• [ACTION ITEM] For this exercise, retype the lines from the one that holds "Toyota Yaris GRMN (11)" through the one that holds "侵略不潔ディレイ三協アルミ 補修部品 装飾窓" in the records below, both included, exactly and without pictures.

• [DATA SHOWN]
◆ ◆ ◆ ◆
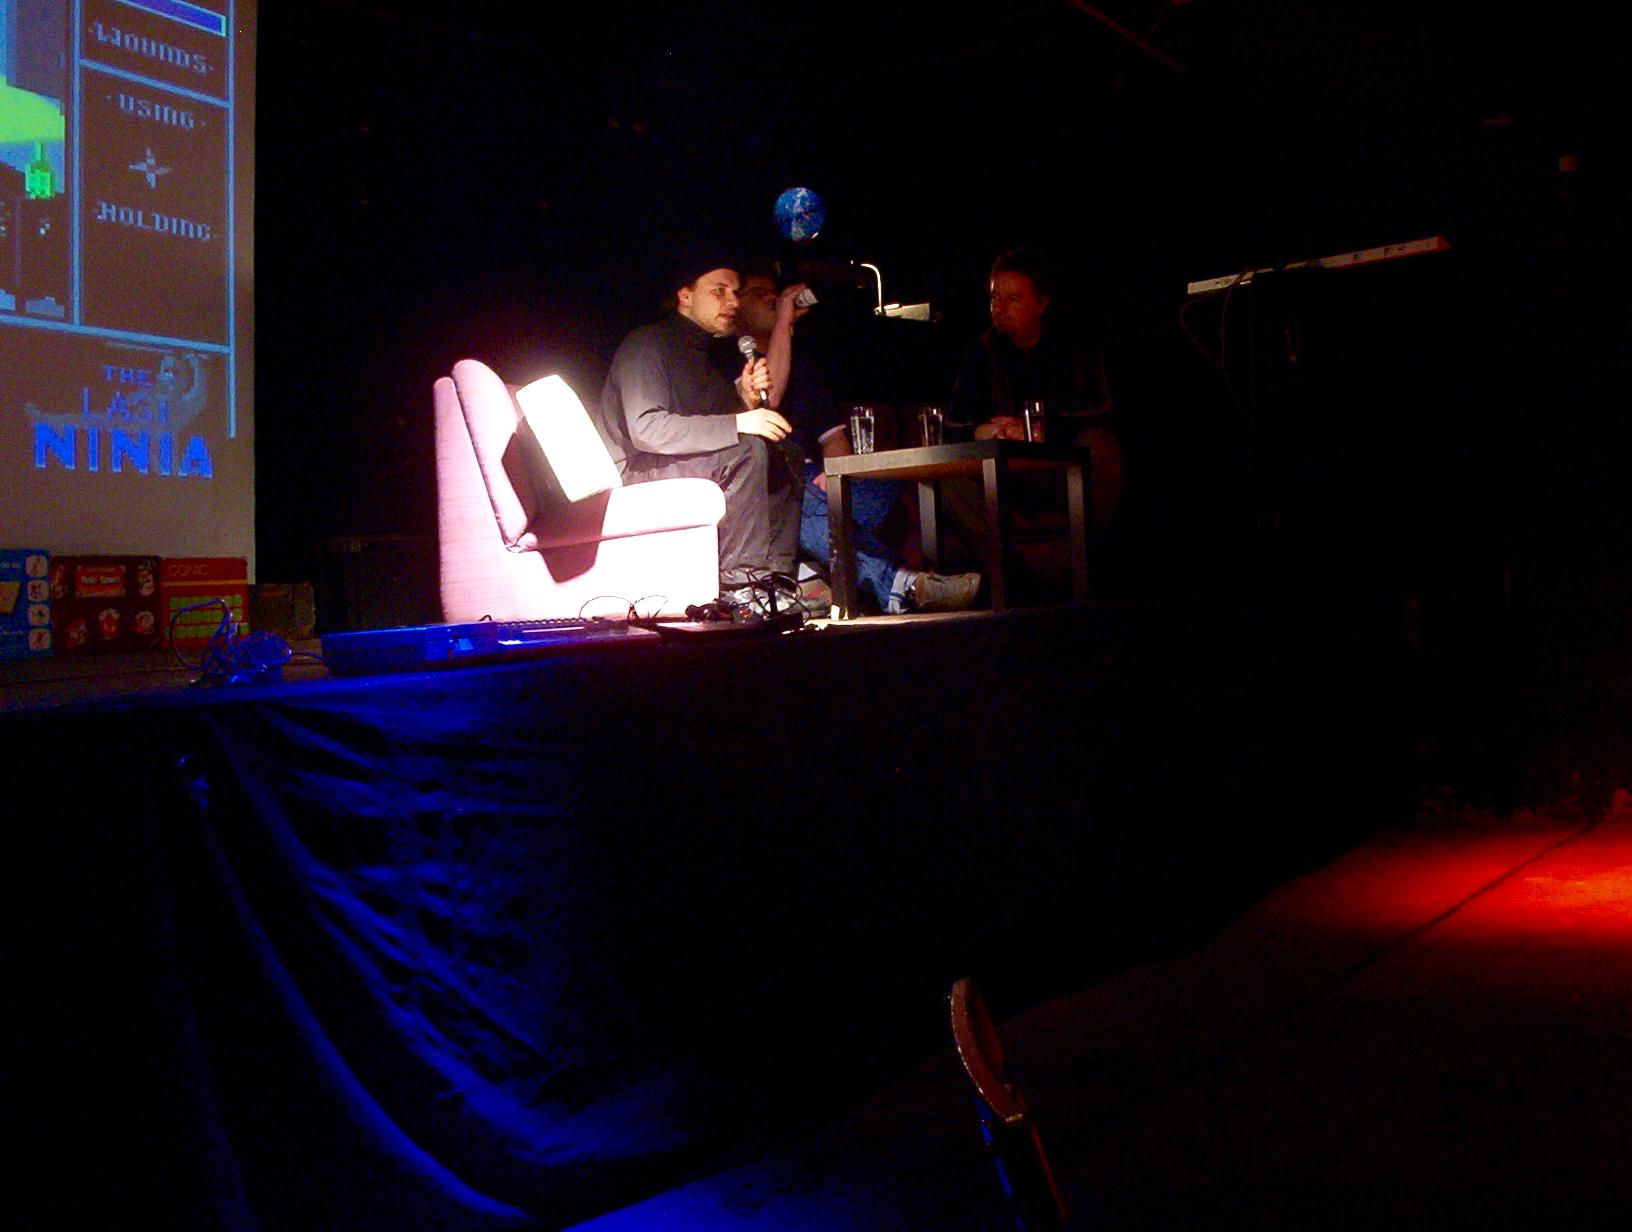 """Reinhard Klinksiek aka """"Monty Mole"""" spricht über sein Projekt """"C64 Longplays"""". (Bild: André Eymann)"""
◆ ◆ ◆ ◆
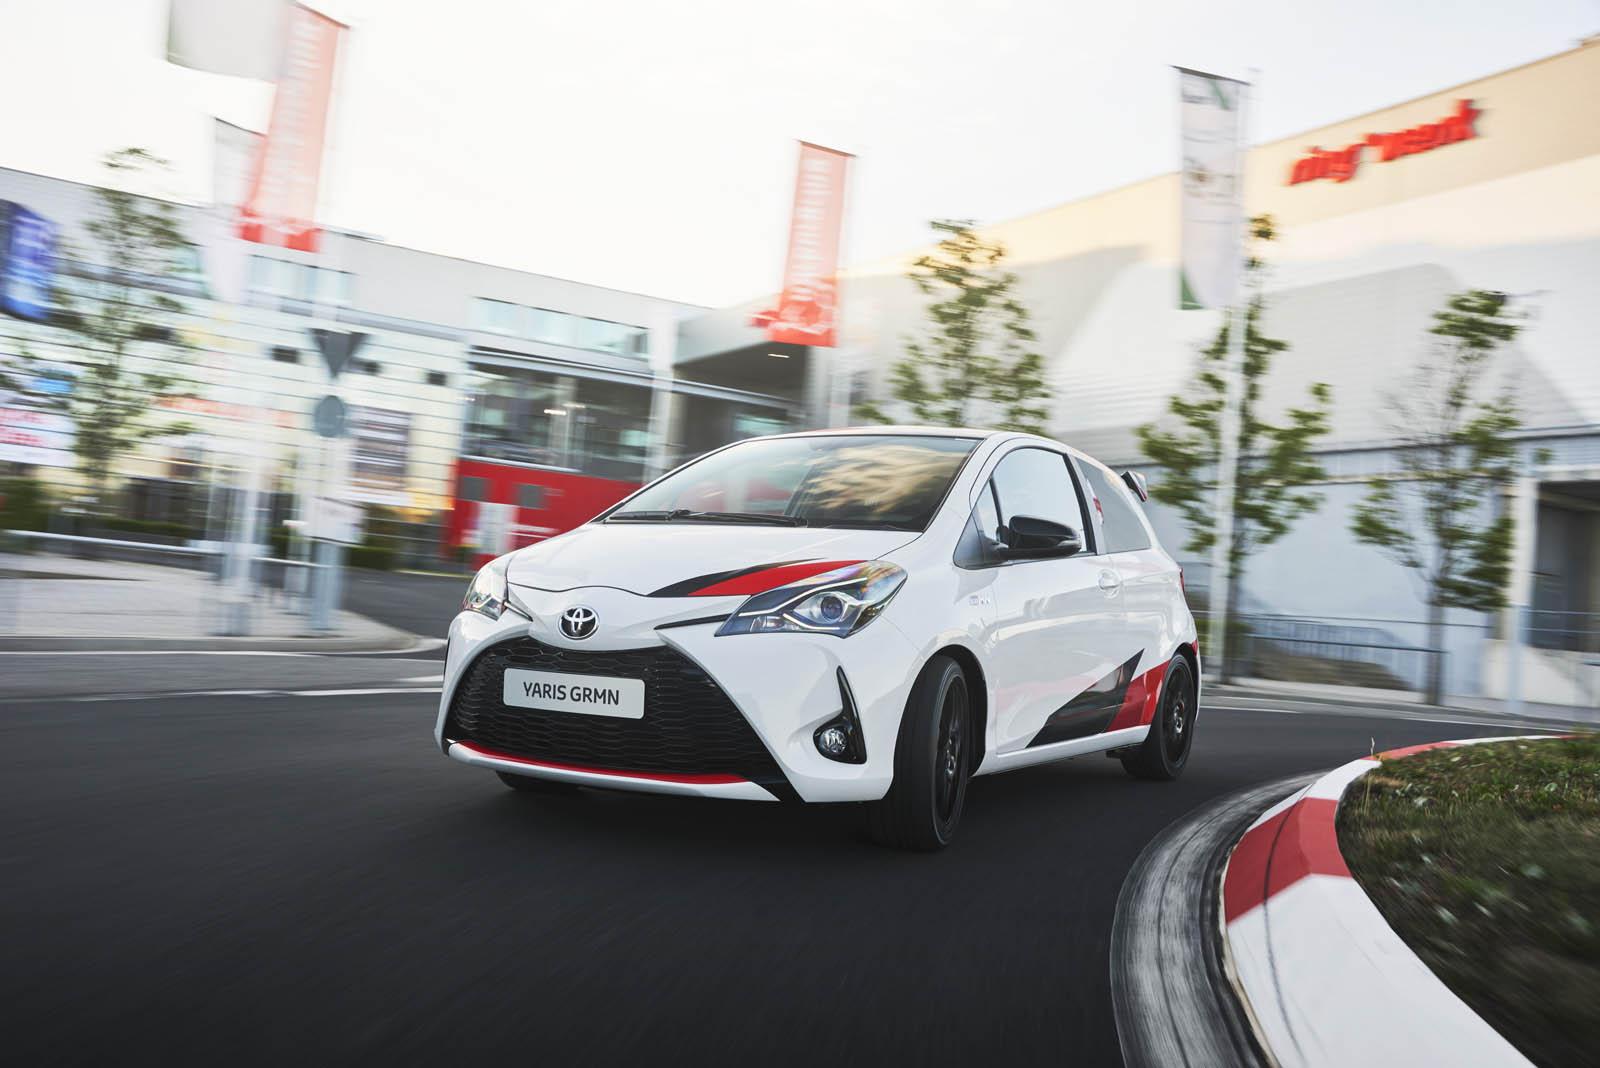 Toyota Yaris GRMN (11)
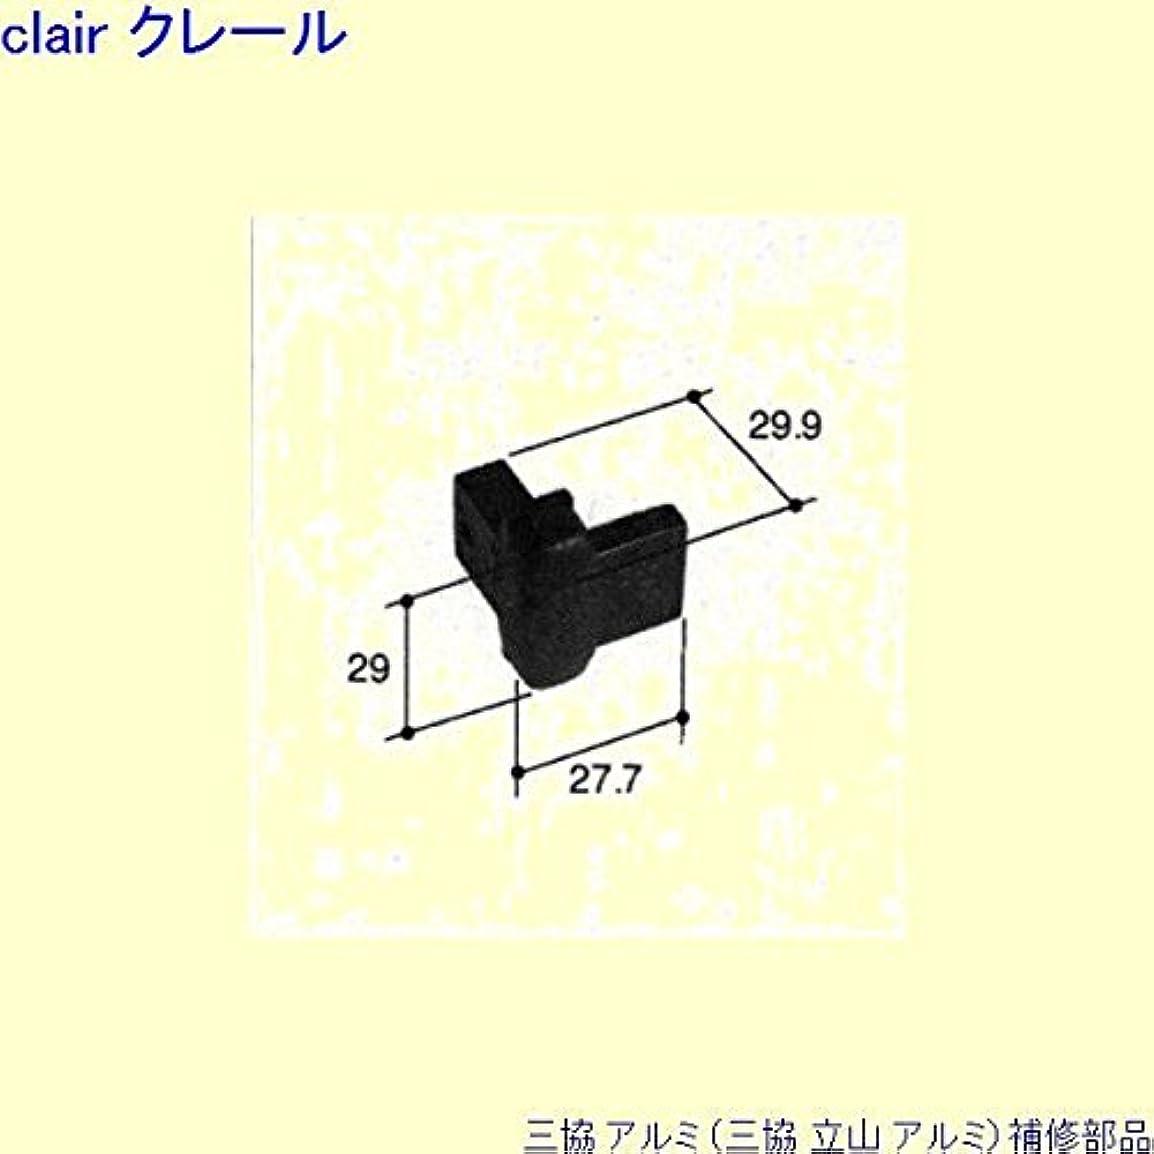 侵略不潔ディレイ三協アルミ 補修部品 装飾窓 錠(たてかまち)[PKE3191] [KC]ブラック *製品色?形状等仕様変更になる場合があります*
◆ ◆ ◆ ◆
• [RESULT FOR THIS TASK]
 Toyota Yaris GRMN (11)
 侵略不潔ディレイ三協アルミ 補修部品 装飾窓 錠(たてかまち)[PKE3191] [KC]ブラック *製品色?形状等仕様変更になる場合があります*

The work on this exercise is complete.